SUPPLIED MATERIAL:
::::
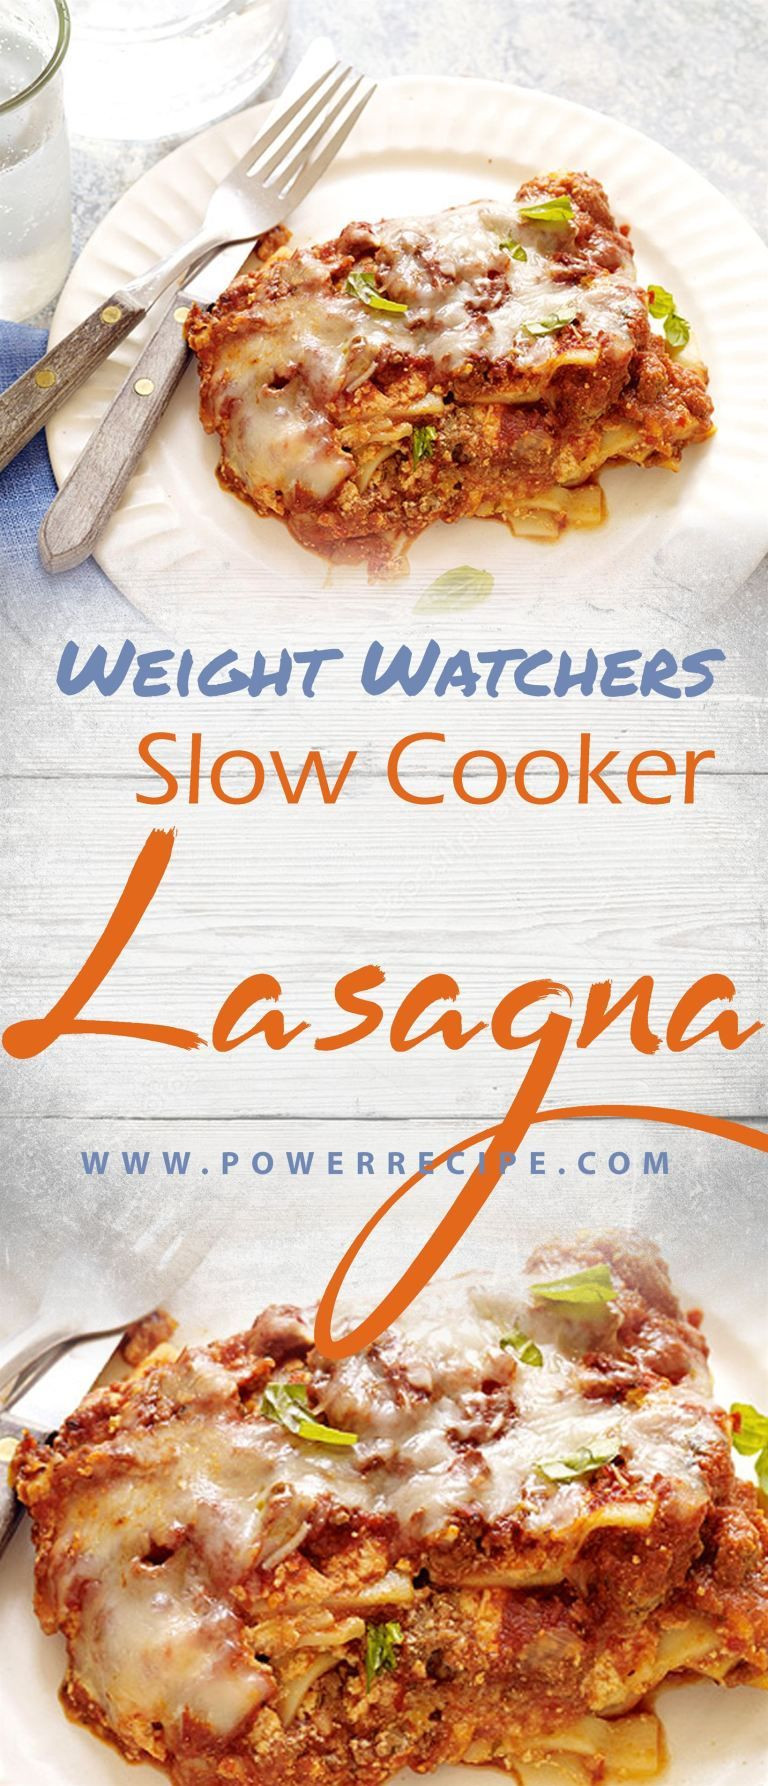 Weight Watcher Slow Cooker Lasagna
 Slow Cooker Lasagna
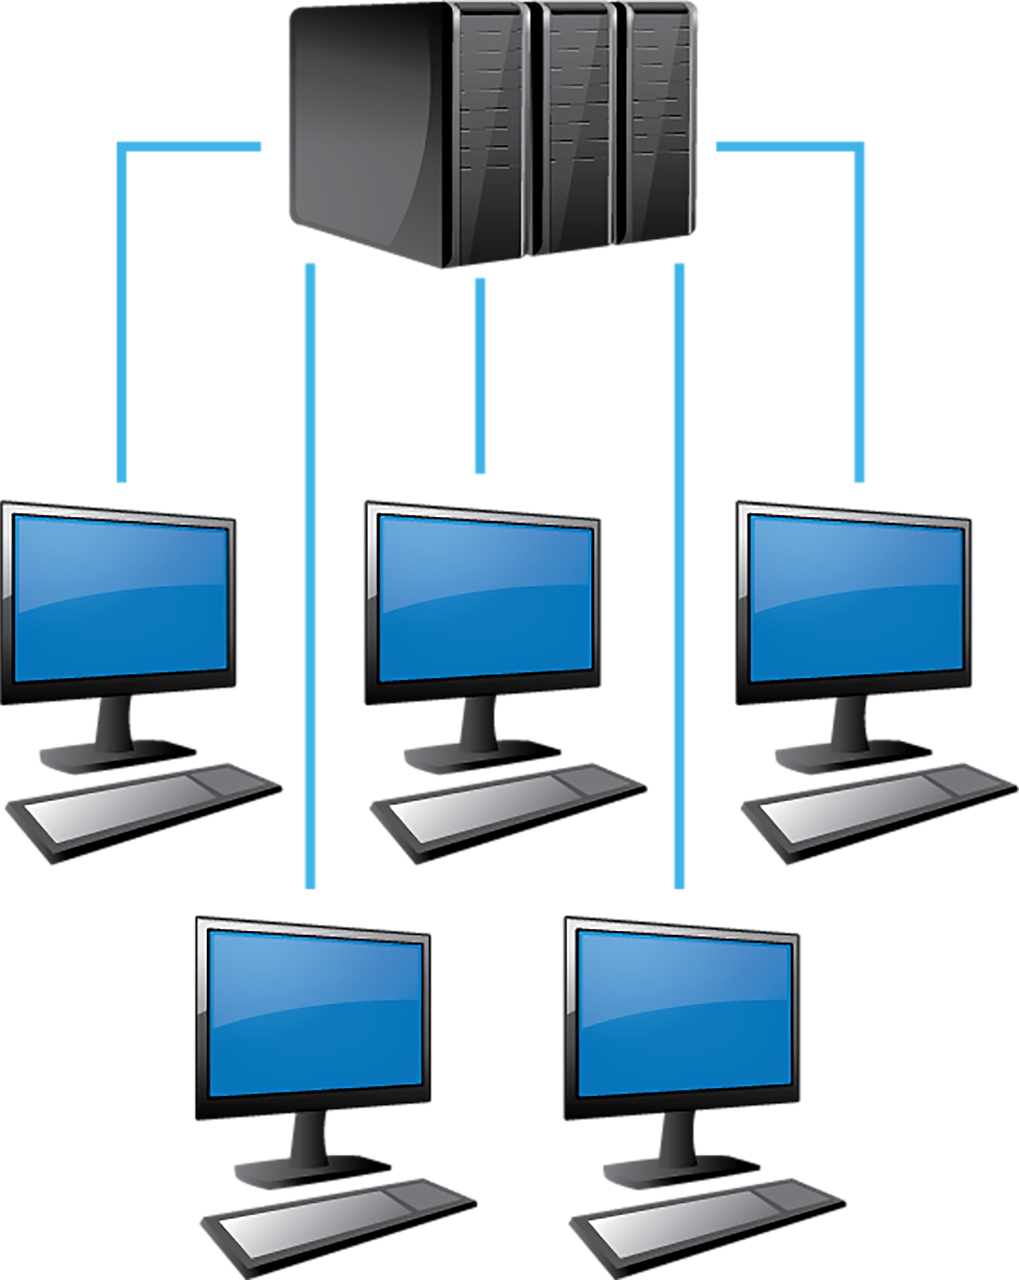 Servidores Windows e Linux de Dados com Backup Automático e de controle de conteúdo e acesso a internet
::::
AIM OF THE TASK: Would you repeat the material exactly, keeping out any pictures?

RESULT:
 Weight Watcher Slow Cooker Lasagna
 Slow Cooker Lasagna
 Servidores Windows e Linux de Dados com Backup Automático e de controle de conteúdo e acesso a internet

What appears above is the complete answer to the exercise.